In vitro release of heparin from the scaffolds
Heparin-bonded P(LLA-CL) scaffolds were cut into 5 mm-thick rings and put into 12-well plates one by one. After PBS (5 mL) was added into each well, the plates were sealed and stored in an humidified incubator at 37°C to prevent the evaporation of water. Following varying numbers of weeks of incubation, up to 12 weeks, 1.0 mL supernatant was acquired from each well and heparin concentration was assayed by toluidine blue method as described previously. 17 Toluidine blue (3.0 mL) was added into each supernatant and reacted with heparin for 2 hours at 37°C, then hexane (3.0 mL) was added and the sample solution stirred vigorously to separate the heparin–toluidine blue complex. Samples were tested at 630 nm by a spectrophotometer (Agilent WFH-203B; PerkinElmer, Waltham, MA, USA).
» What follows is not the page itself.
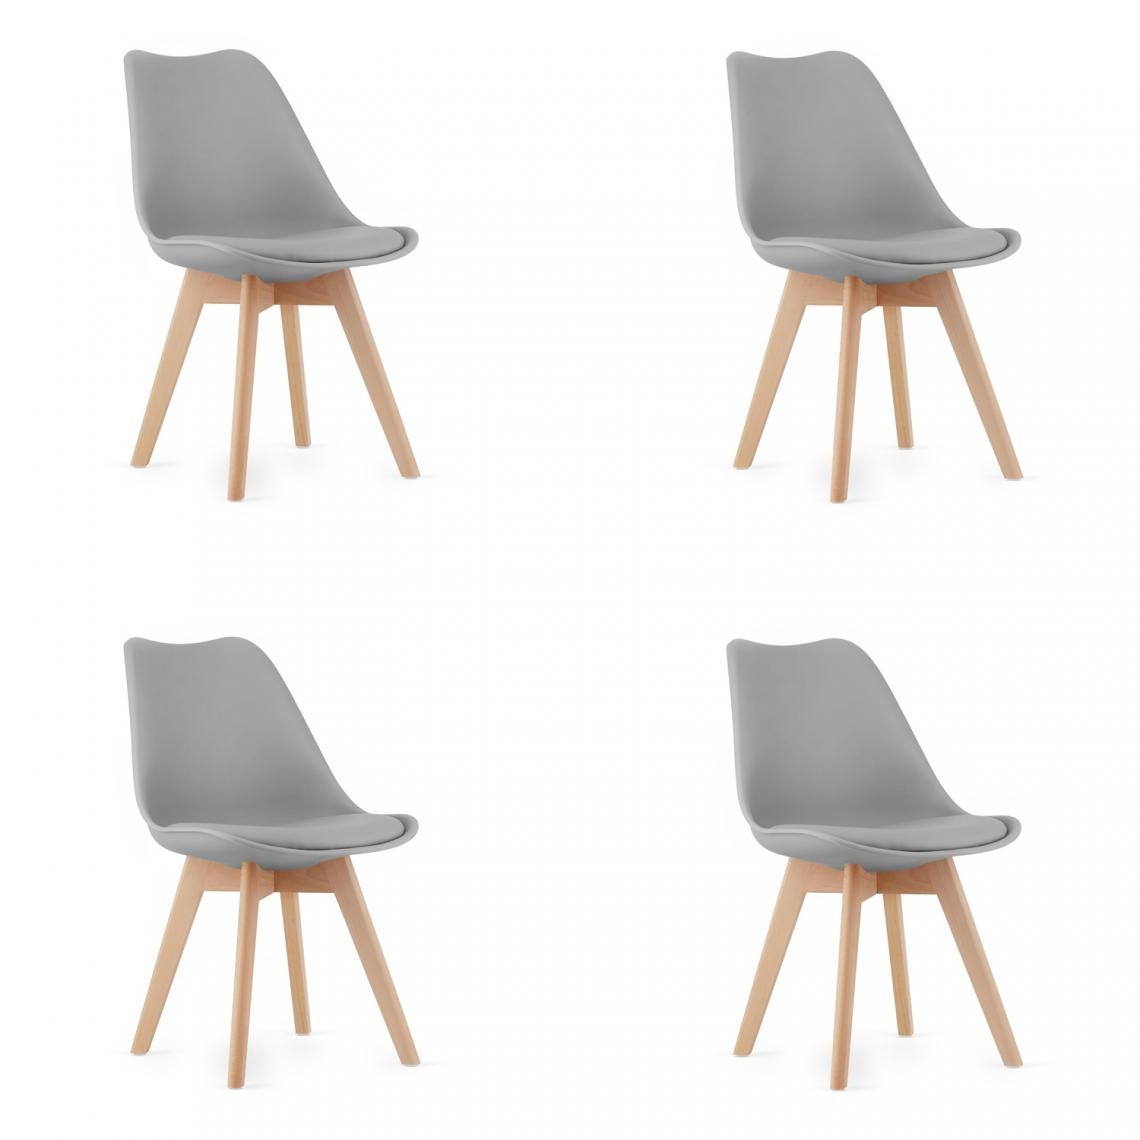 Hucoco - MARDI - Lot de 4 chaises style moderne salle à manger/cuisine - 82x48x43 cm - Chaise de salle à manger - Gris - Chaises

In vitro endothelialization of the scaffolds
Autologous ECs were isolated from canine femoral veins by enzyme digestion. Briefly, both ends of the femoral vein were cannulated and all branches ligated. The vein was then washed thoroughly by PBS, filled with 0.25% trypsin solution, and digested for 6 minutes in a CO2 incubator (37°C, 95% air/5% CO2). The EC suspension was transferred into a 15 mL centrifuge tube containing Dulbecco’s modified Eagle’s medium (Gibco; Life Technologies, Carlsbad, CA, USA) supplemented with 20% fetal bovine serum, 100 U/mL penicillin, and 100 mg/mL streptomycin. After the tubes were centrifuged at 600× g for 5 minutes, cell pellets were resuspended in the culture medium and ECs were purified by the preplating method (2 hours, 37°C) to remove fibroblasts; finally, unattached cells were transferred into culture flasks and cultured within the culture medium containing proper concentration of vascular endothelial growth factor (Gibco; Life Technologies) in the CO2 incubator.After 1 week of culture, the purity of ECs was determined by fluorescence microscopy (Figure 3B). Cultured ECs in the culture flasks were washed with PBS three times and immersed in a PBS solution containing 2% paraformaldehyde for 10 minutes at room temperature. After rinsing with PBS again, the permeabilization solution (0.2% Triton X-100 in PBS; Sigma-Aldrich) was added into the culture flasks for 10 minutes and rinsed again with fresh PBS. The ECs were then stained with diluted 4, 6-diamidino-2-phenylindole (Roche, Basel, Switzerland) and Alexa Fluor® 568 Phalloidin (Molecular Probes; Life Technologies, NY, USA) overnight in a dark environment. After rinsing with PBS to remove the residual fluorescent dye, the sheets were imaged under confocal microscope (TCS SP5; Leica Microsystems, Wetzlar, Germany). Cultured ECs with purity more than 95% were then seeded onto PCL, P(LLA-CL), and heparin-bonded P(LLA-CL) scaffolds, respectively, through a culture system. Each scaffold was tightly embedded into a sterilized polypropylene tube (ID = 5 mm) with one end sealed by a 220 nm filter. The tube was filled with ECs suspended in the culture medium at a density of 3 × 105 cells/mL before the other end was sealed and the tube placed onto a roller mixer at a rotation speed of 5 rpm. The whole system was placed in the CO2 incubator and the culture medium was refreshed every 24 hours.
Figure 3
(A) Controlled release of heparin from heparin-bonded poly(L-lactide-co-epsilon-caprolactone) (P[LLA-CL]) scaffolds in vitro. (B) Representative photograph to determine the purity of cultured endothelial cells by fluorescent microscopy at the magnification of ×200.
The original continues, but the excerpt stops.